→ What to produce
Below is a block of records. Copy every line in it that contains the word "Silver".

→ Dataset records
──────

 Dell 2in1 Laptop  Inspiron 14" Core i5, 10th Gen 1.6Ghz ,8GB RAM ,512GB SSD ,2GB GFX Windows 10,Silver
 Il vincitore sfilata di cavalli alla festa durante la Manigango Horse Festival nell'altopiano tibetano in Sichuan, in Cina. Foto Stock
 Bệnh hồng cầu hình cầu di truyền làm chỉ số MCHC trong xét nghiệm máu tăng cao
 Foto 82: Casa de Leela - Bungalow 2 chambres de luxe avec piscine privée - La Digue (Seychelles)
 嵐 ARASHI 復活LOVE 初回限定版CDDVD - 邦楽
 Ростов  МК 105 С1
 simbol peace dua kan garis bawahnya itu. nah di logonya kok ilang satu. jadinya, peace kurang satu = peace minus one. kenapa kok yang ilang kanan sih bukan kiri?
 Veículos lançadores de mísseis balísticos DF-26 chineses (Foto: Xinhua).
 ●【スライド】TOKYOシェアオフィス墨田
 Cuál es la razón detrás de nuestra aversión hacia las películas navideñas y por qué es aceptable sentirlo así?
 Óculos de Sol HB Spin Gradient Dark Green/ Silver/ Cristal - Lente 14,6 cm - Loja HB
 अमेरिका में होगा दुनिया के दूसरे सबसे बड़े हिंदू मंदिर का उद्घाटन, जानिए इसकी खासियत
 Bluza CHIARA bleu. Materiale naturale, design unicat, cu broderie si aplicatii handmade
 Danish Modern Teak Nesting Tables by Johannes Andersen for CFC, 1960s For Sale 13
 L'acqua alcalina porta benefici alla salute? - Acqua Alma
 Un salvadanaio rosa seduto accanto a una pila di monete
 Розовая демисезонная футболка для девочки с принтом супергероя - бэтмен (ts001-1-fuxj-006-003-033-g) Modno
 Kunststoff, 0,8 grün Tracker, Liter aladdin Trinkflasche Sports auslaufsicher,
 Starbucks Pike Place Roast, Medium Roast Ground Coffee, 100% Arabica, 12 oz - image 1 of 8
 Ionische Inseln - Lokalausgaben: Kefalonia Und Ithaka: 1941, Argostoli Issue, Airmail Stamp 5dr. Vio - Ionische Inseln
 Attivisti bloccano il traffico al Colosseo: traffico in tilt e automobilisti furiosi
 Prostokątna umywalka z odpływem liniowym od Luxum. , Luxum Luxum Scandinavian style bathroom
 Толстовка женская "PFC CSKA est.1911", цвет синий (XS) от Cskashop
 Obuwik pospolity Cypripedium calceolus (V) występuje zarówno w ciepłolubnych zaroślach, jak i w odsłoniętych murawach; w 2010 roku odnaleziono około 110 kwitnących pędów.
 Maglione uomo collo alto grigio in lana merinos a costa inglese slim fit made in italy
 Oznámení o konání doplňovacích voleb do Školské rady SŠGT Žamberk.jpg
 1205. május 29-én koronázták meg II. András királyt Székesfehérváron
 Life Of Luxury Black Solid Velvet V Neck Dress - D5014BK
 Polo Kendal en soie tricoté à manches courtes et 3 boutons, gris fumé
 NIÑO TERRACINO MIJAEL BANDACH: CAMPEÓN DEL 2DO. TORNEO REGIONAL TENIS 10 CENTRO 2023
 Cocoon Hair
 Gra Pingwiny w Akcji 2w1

──────

→ Exercise result
 Dell 2in1 Laptop  Inspiron 14" Core i5, 10th Gen 1.6Ghz ,8GB RAM ,512GB SSD ,2GB GFX Windows 10,Silver
 Óculos de Sol HB Spin Gradient Dark Green/ Silver/ Cristal - Lente 14,6 cm - Loja HB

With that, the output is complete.